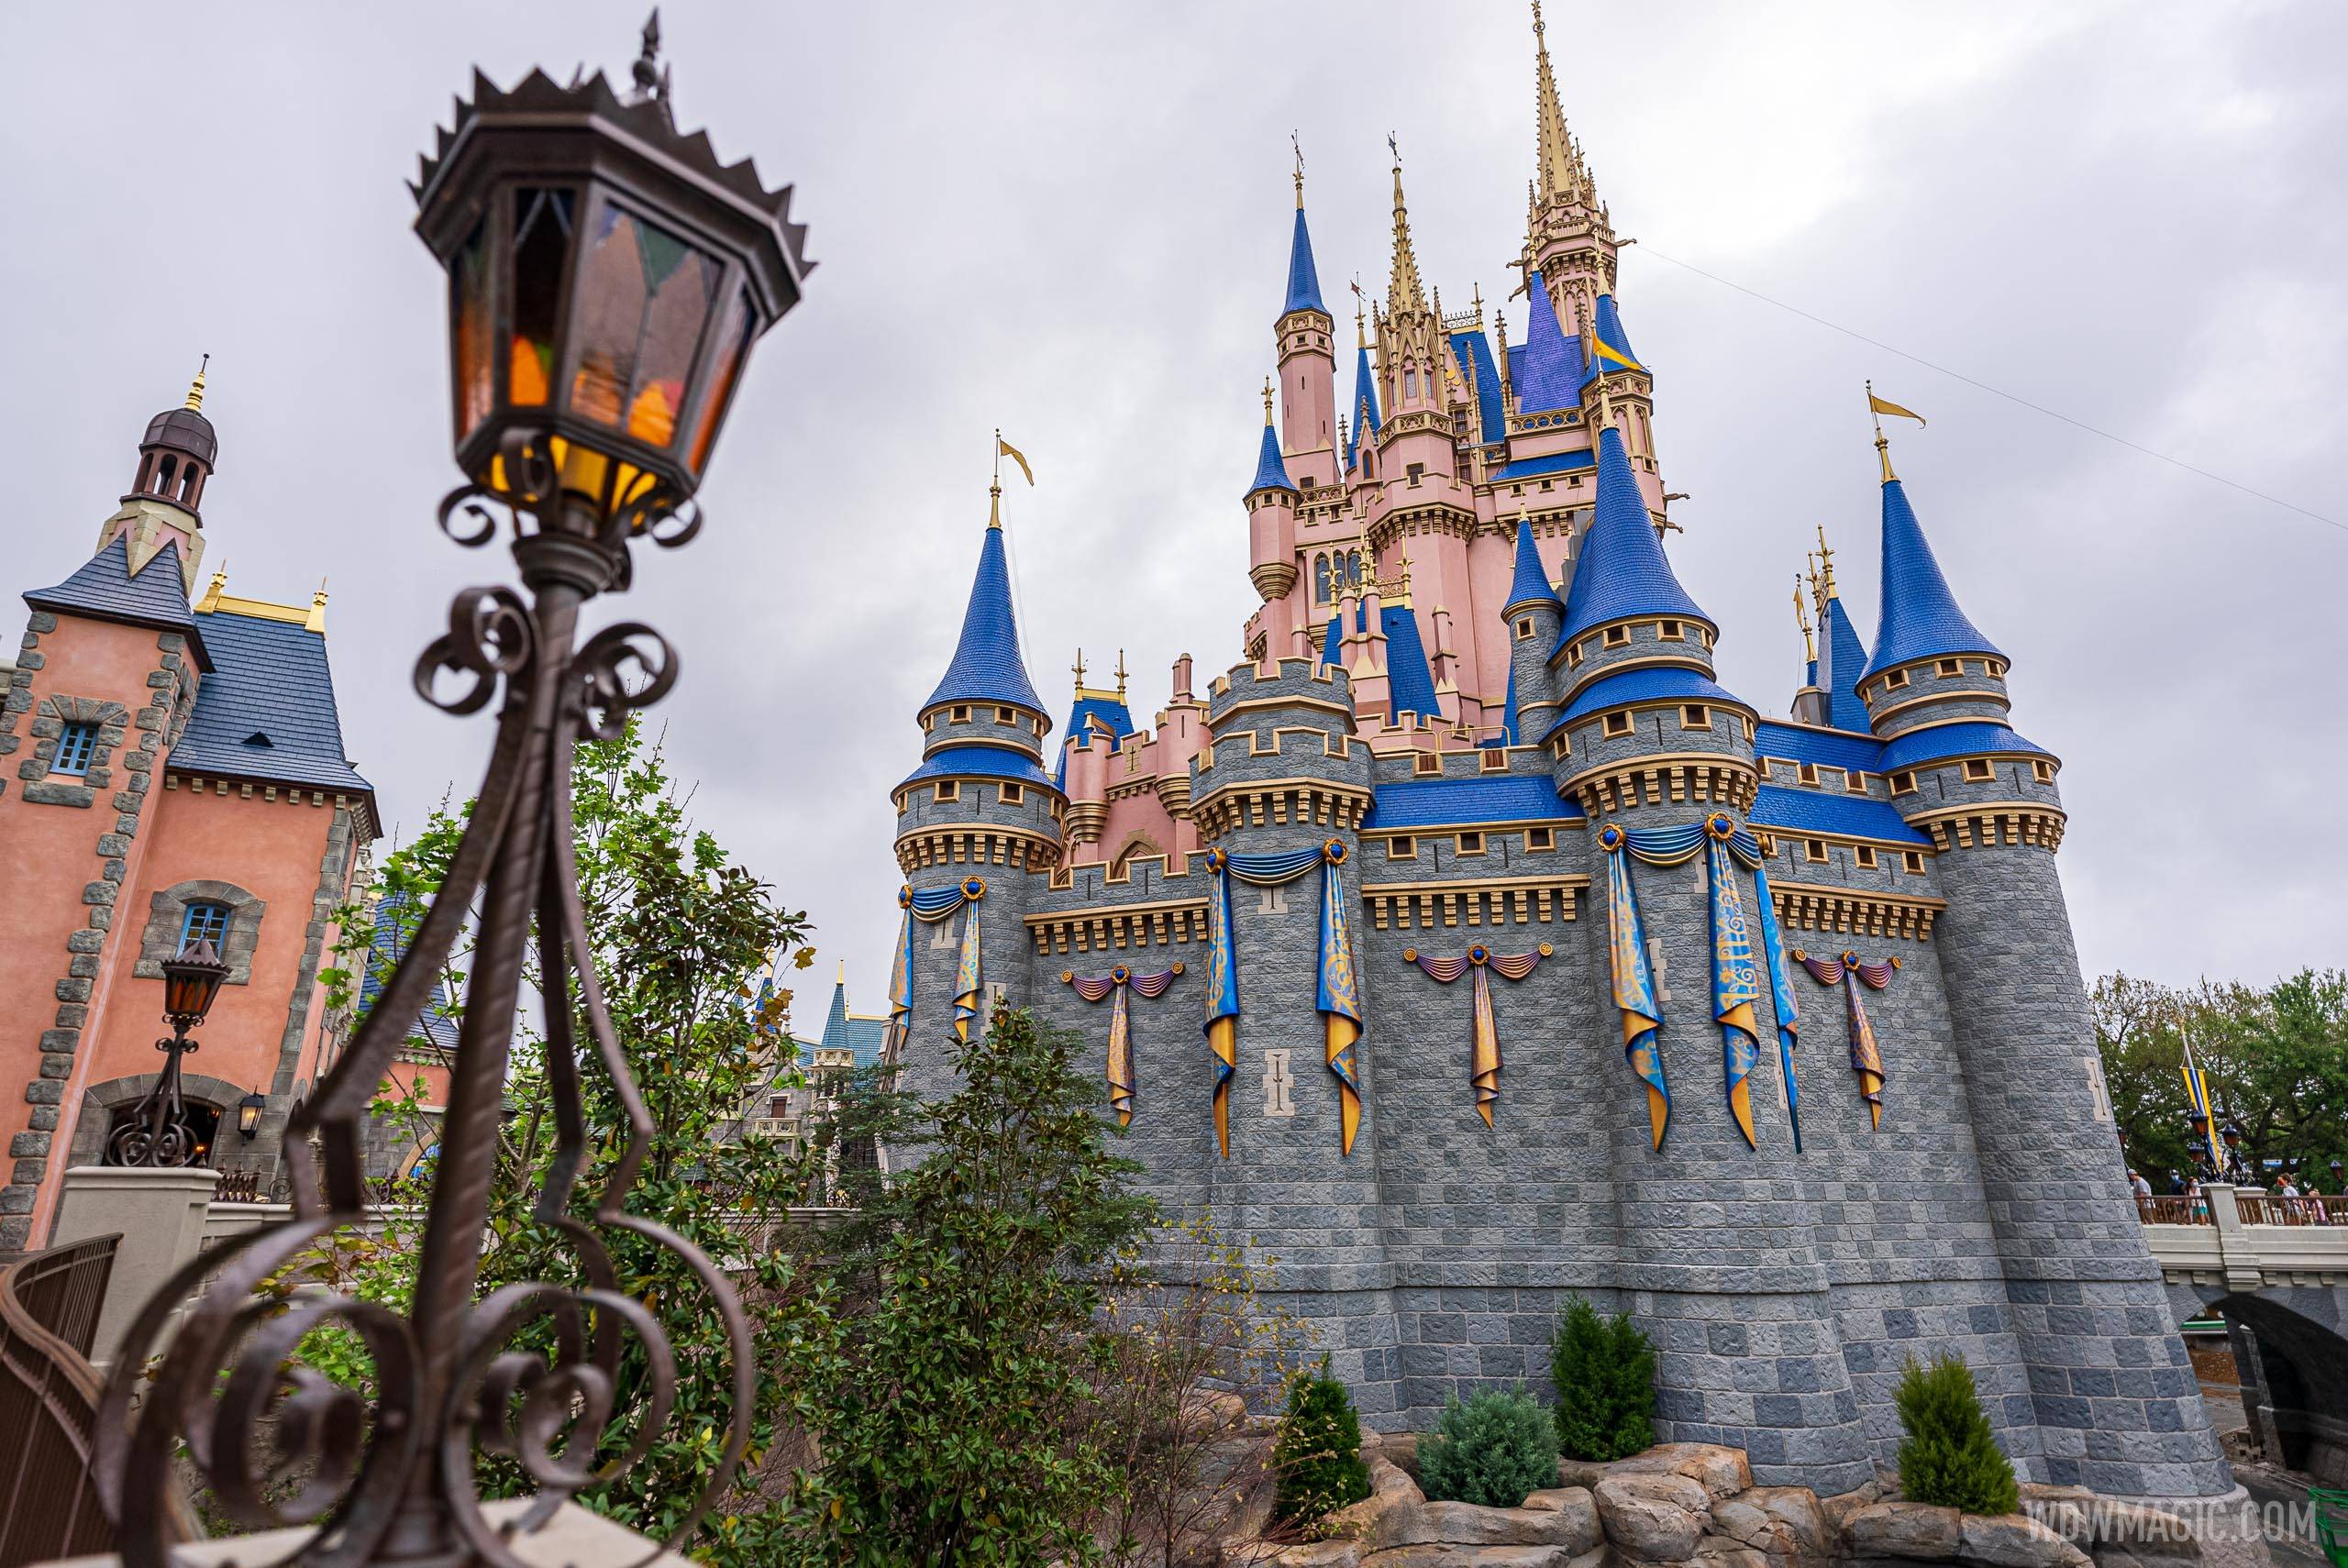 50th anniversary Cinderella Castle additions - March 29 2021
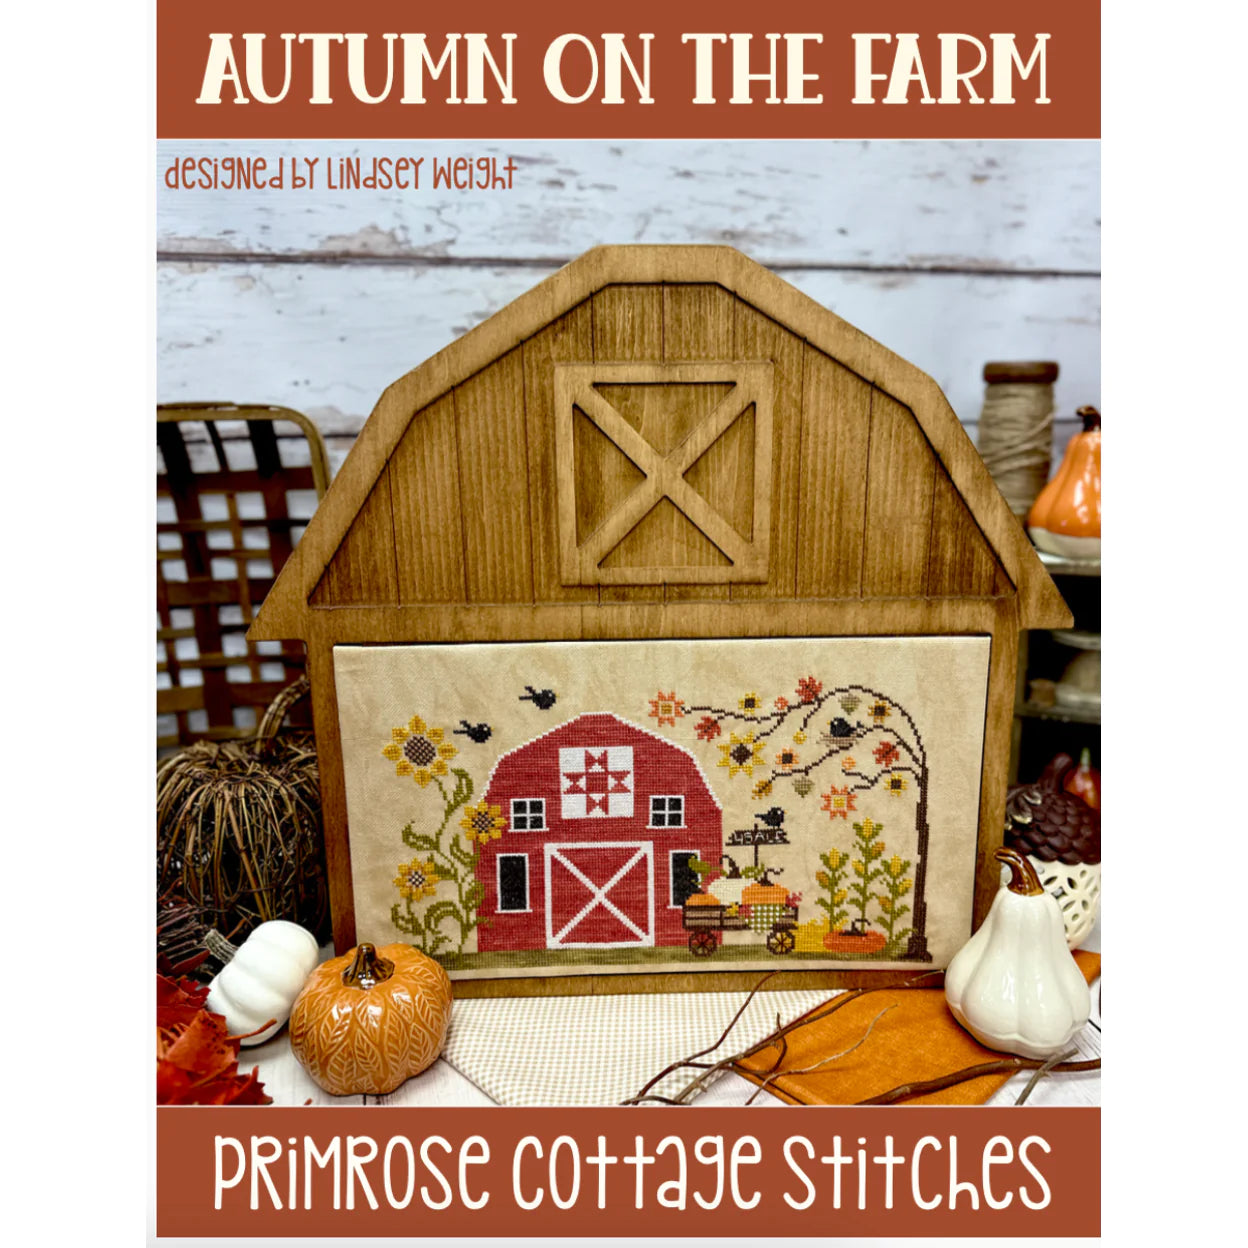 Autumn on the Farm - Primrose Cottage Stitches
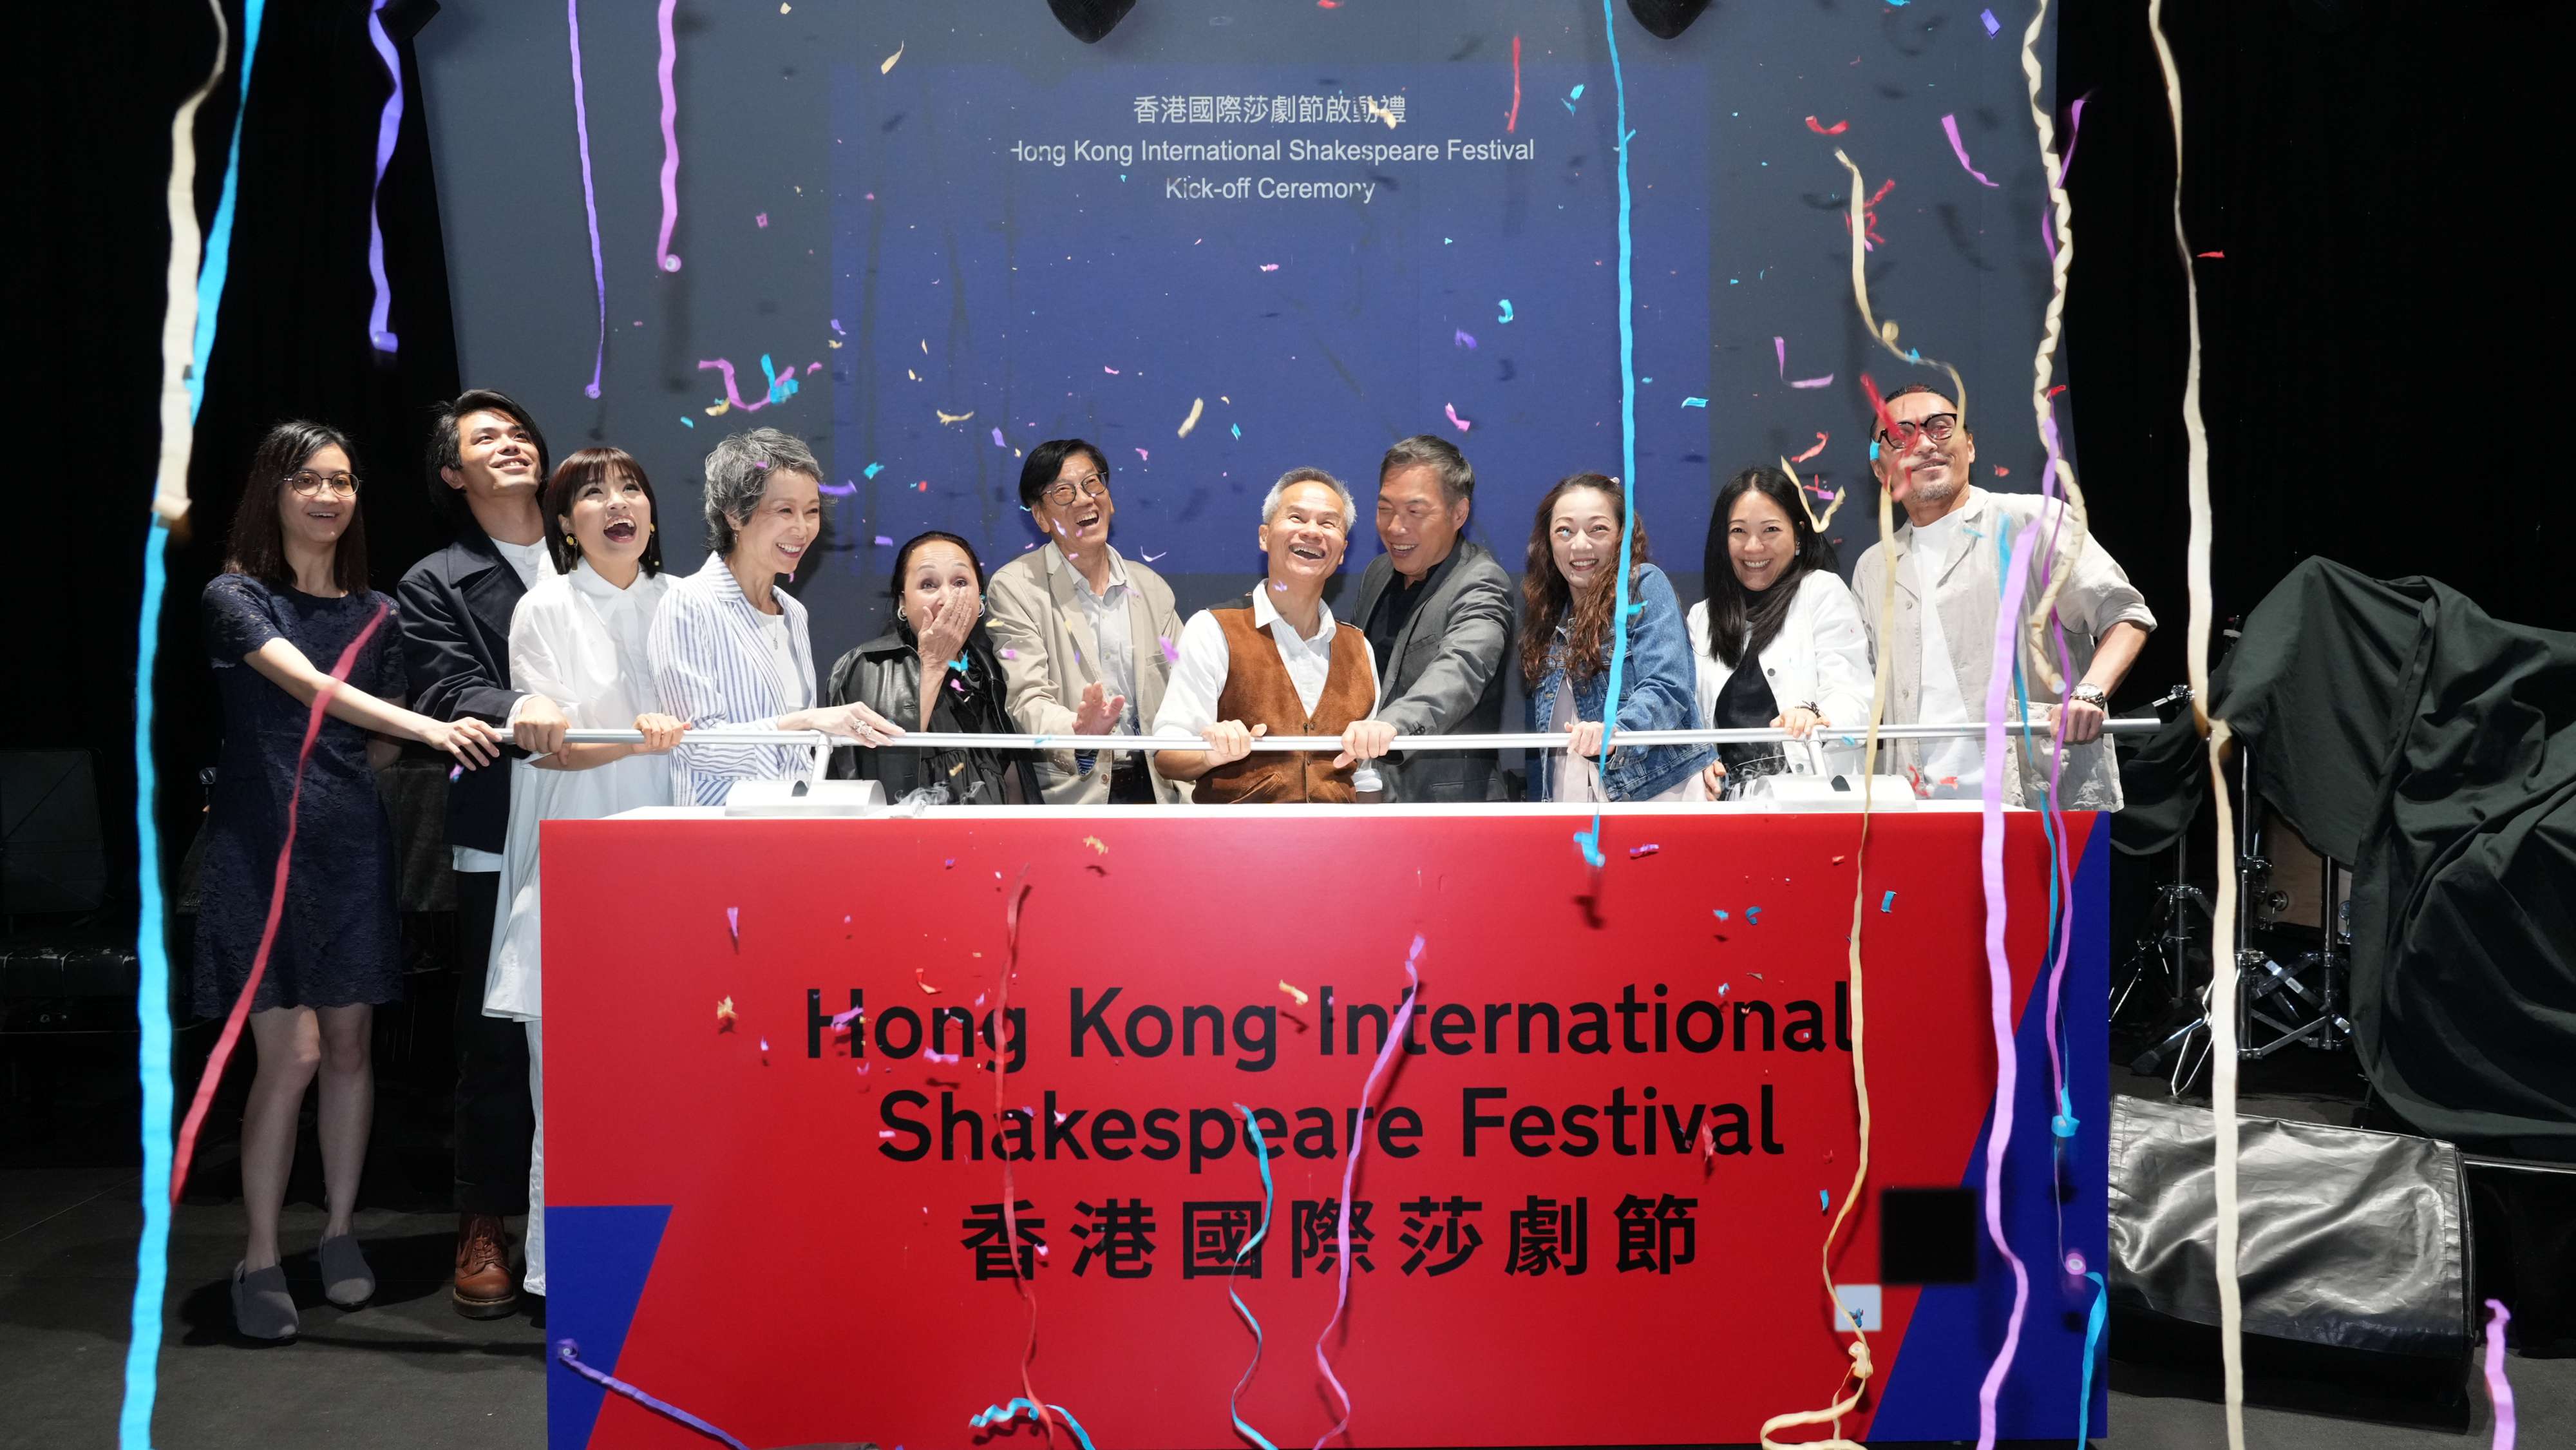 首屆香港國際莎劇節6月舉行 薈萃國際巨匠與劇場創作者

> [WHAT YOU SHOULD DO]: Restate the material word for word, minus pictures.

> [SOLVED EXERCISE]:
 50th anniversary Cinderella Castle additions - March 29 2021
 Autumn on the Farm - Primrose Cottage Stitches
 首屆香港國際莎劇節6月舉行 薈萃國際巨匠與劇場創作者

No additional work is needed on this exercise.